Existe diversificação de mercado para abacates de Jalisco?

"Além do volume total de exportações, um dos avanços importantes entre 2024 e o primeiro semestre de 2025 foi a consolidação da presença de Jalisco em mercados não tradicionais, especialmente na Ásia e no Oriente Médio. Embora a maior parte de nossas exportações continue concentrada nos Estados Unidos, Canadá e Japão, também mantivemos remessas consistentes para países como Emirados Árabes Unidos, Kuwait, Arábia Saudita e Malásia. Estamos falando de volumes menores em comparação, mas volumes sustentados, o que reflete a existência de uma base comercial que está sendo estabelecida e tem potencial para crescer."

Quais são as projeções para a nova temporada de 2025-2026 em termos de volume e tamanho da colheita?

"No momento, parece que teremos uma colheita melhor do que a do ano passado. O fato de as chuvas terem começado um mês antes está ajudando bastante, e tanto o volume quanto a colheita parecem que serão melhores do que no ano passado."

Em que a APEAJAL deve concentrar seus esforços nos próximos anos, tanto a médio quanto a longo prazo, para continuar a desenvolver e fortalecer o setor?

"Nosso objetivo é que nossos abacates continuem sendo líderes em todos os mercados em que atuamos e encontrar maneiras de exportá-los para o maior número possível de mercados. Menos de 50% dos hectares de cultivo de abacate em Jalisco estão atualmente certificados para o programa de exportação dos EUA. Portanto, será um desafio encontrar maneiras de aumentar esse número sem negligenciar a qualidade e o controle de pragas, e permitir que mais produtores de pequeno, médio e grande porte exportem seus abacates para esse destino."
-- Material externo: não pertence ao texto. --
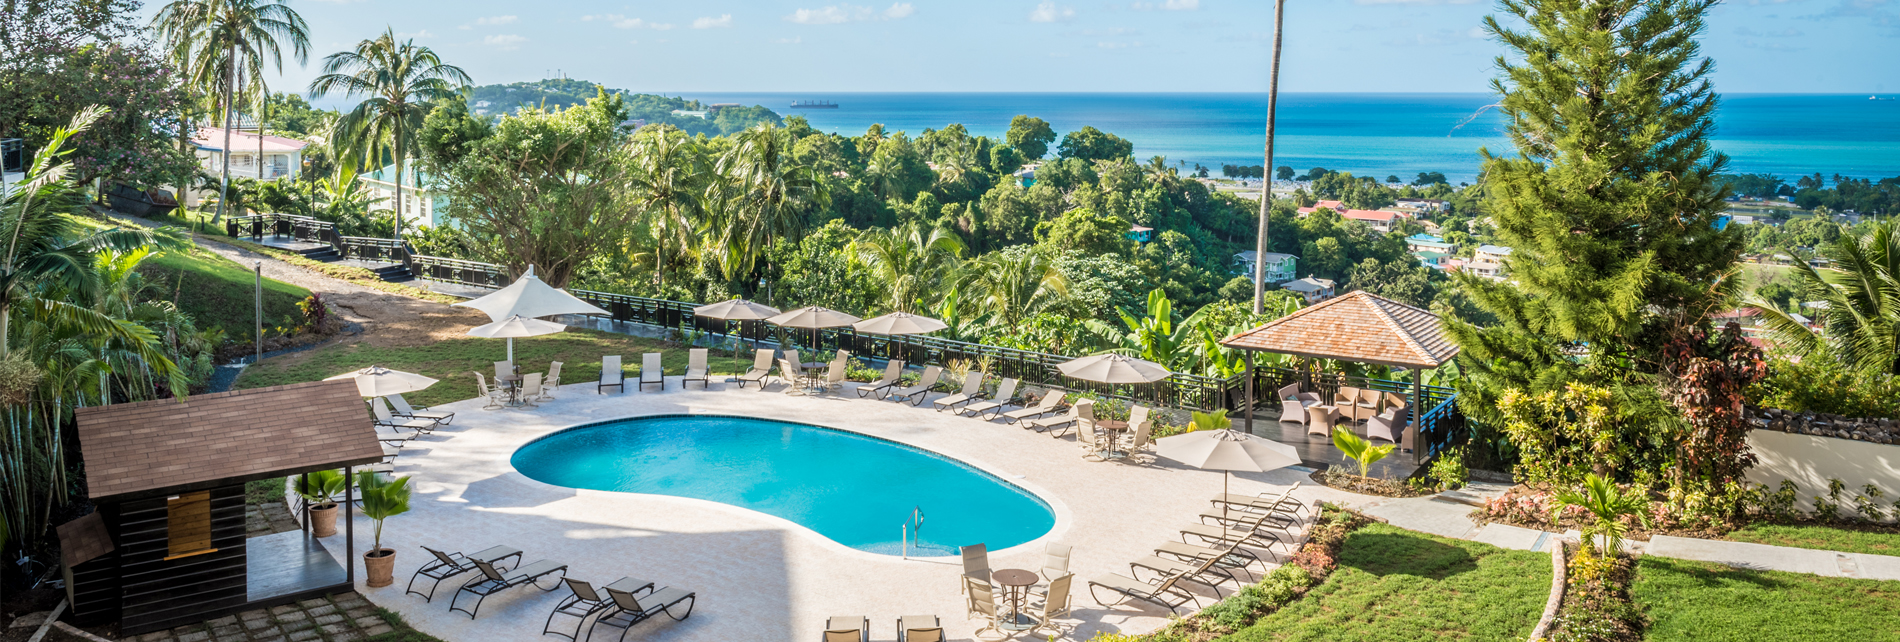 Bel Jou Hotel - St. Lucia
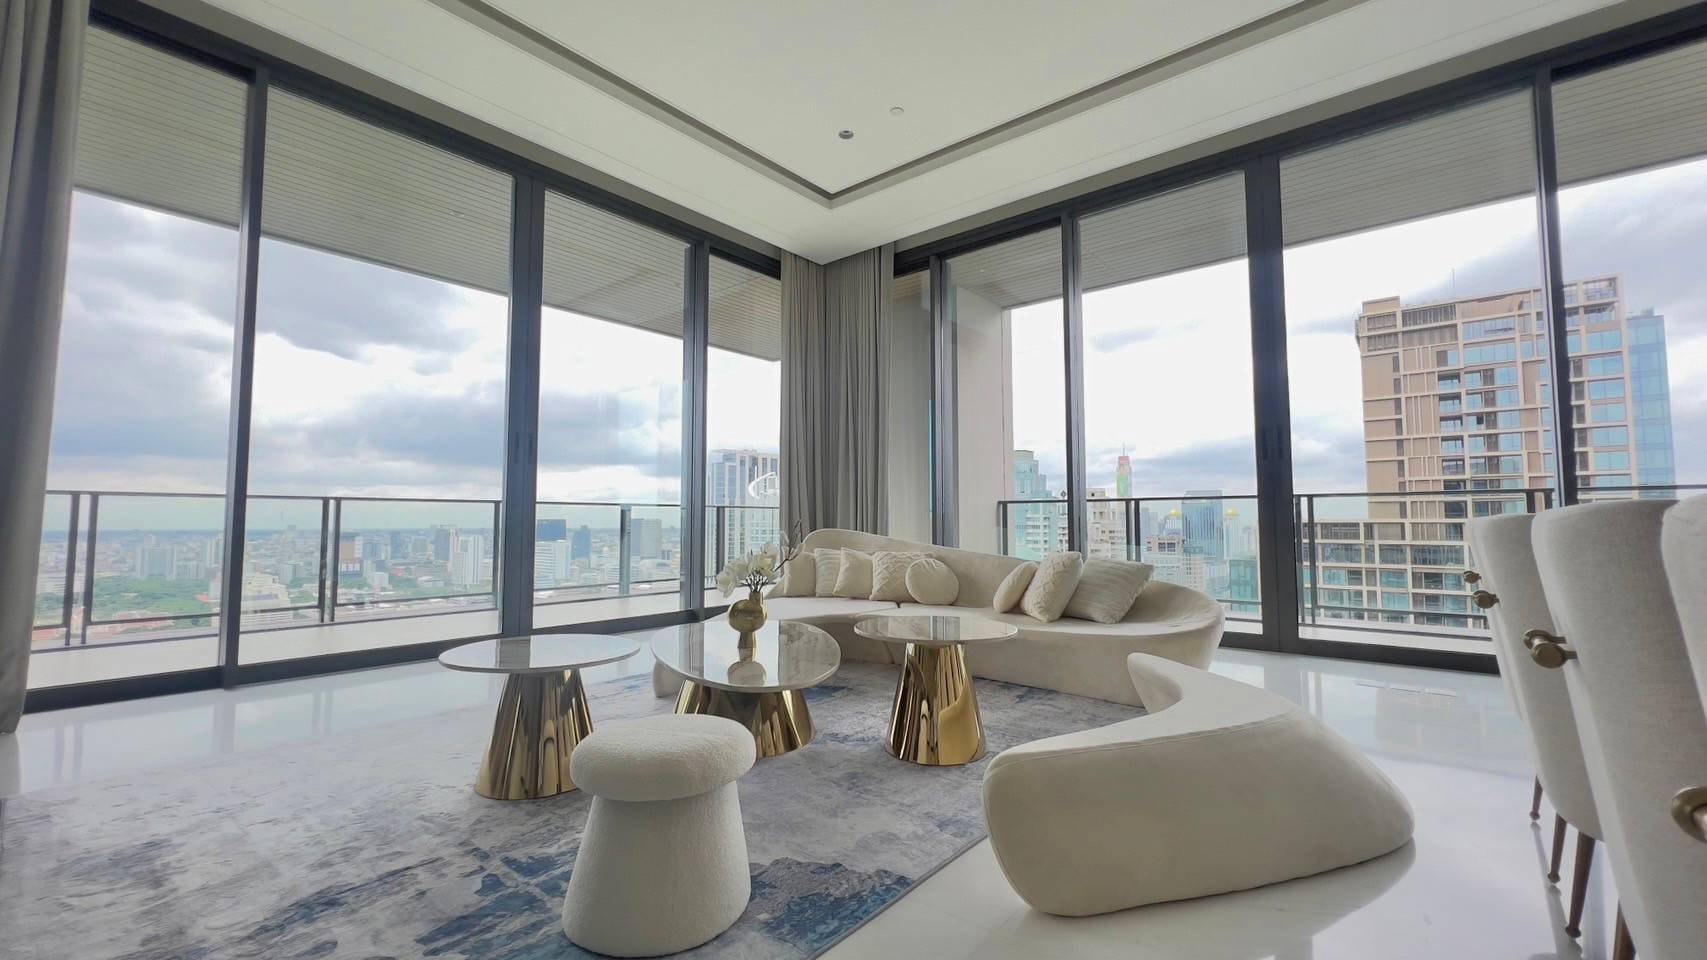 Luxurious 4 Bedroom Condo, The Residences at Sindhorn Kempinski, Bangkok, Thailand.

Que iniciativas estão sendo implementadas para promover a inovação e a sustentabilidade na produção de abacate em Jalisco?

“Implementamos um programa de reflorestamento desde 2017. Graças a ele, mais de 5.100 hectares foram reflorestados em 23 municípios do estado. Mais de 270.000 mudas foram plantadas com sucesso. Temos uma brigada florestal responsável por realizar o trabalho de reflorestamento e proteger nossas florestas de incêndios florestais. Além disso, estamos implementando práticas de irrigação eficientes, o que permite que a maioria dos pomares em Jalisco utilize irrigação por microaspersão ou gotejamento.”

Que tipo de colaboração e alianças estão sendo estabelecidas com outros setores e organizações para fortalecer a indústria do abacate em Jalisco?

“Temos trabalhado com instituições locais para encontrar modelos de desenvolvimento sustentável nas comunidades onde os abacates são cultivados. Esperamos ter uma comunidade mais comprometida com o meio ambiente, tanto consumidores quanto produtores. Também estamos trabalhando com o Serviço Nacional de Saúde, Segurança e Qualidade Agroalimentar (SENASICA) e o Ministério da Agricultura e Desenvolvimento Rural (SADER) em benefício dos pequenos e médios produtores em Jalisco.”